Pytanie tylko, co z tej różnicy wynika. O tym pisze między innymi Michał Matlak, którego tekst opublikujemy już wkrótce jako środowy felieton.

Czy obecnie kolejne pokolenia nadal powinny wchodzić do dyskusji politycznej w drodze kooptacji, wyboru jednego z dostępnych stanowisk, czy starać się wywracać dotychczasowe podziały, czy też może przenieść dyskusję na zupełnie inne pole? Jeśli kolejne generacje mają zbudować lepszy kraj, lepiej by zamiast patrzeć w przeszłość, patrzyły w przyszłość, która dziś wygląda o wiele bardziej ponuro niż przed 30 laty o poranku 5 czerwca.

W takiej opowieści wybory czerwcowe stają się punktem wyjścia do budowy nowego, naszego państwa, które dziś staje wobec zupełnie innych wyzwań niż te sprzed trzech dekad. Z perspektywy trzaskających napięć w Unii Europejskiej, groźby kolejnego kryzysu gospodarczego, nowych zagrożeń ze strony Rosji czy potężnych zmian klimatycznych pytania o to, kto gdzie siedział i kto komu nie podał ręki przed trzema dekadami, wydają się śmiesznie nieistotne.

30 lat temu wybory 4 czerwca rozpoczęły proces budowy III RP, co do tego nie ma najmniejszych wątpliwości.

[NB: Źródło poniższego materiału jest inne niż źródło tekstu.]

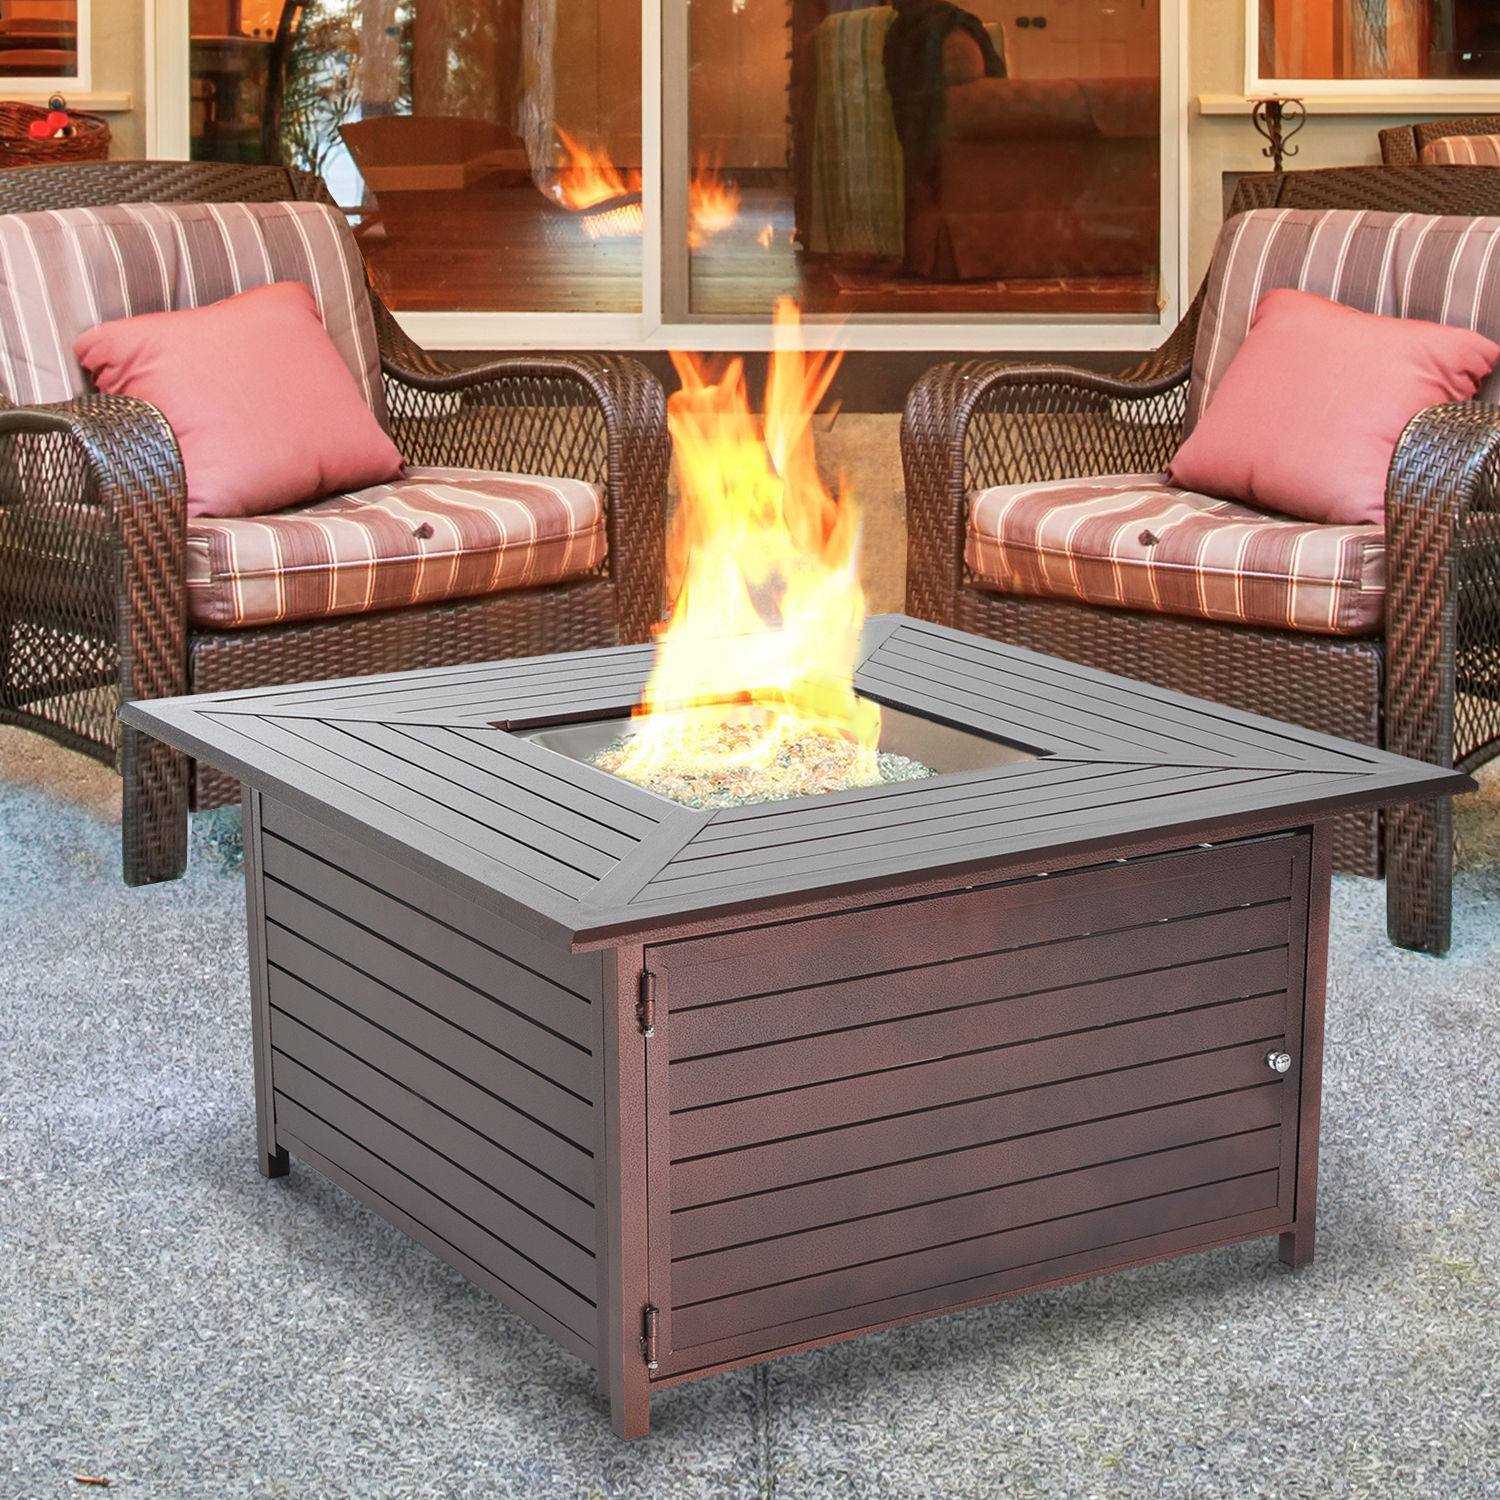 Patio Fire Pit Propane
 Outsunny 45" Slatted Steel Outdoor Propane Gas Fire Pit

Ale na to, co z III RP stanie się w ciągu kolejnych 30 lat, nie powinny mieć większego wpływu. Ważne wydarzenia z najnowszej historii powinniśmy wreszcie zacząć odpowiednio czcić, a jednocześnie przestać nimi żyć.

* * *

Z okazji święta polecamy Państwu także zestaw tekstów, które dotyczą naszych wielkich kłopotów z obchodzeniem trzydziestolecia III RP. Zestaw otwiera artykuł „Koniec pokoleń podległości” Jarosława Kuisza. Następnie mamy rozmowy między innymi z Adamem „Łoną” Zielińskim, Pawłem „Pablopavo” Sołtysem, Rafałem Wosiem i Aleksandrem Smolarem oraz teksty Jakuba Bodzionego, Łukasza Bertrama i Izy Mrzygłód.

Zapraszamy do lektury!
Redakcja „Kultury Liberalnej”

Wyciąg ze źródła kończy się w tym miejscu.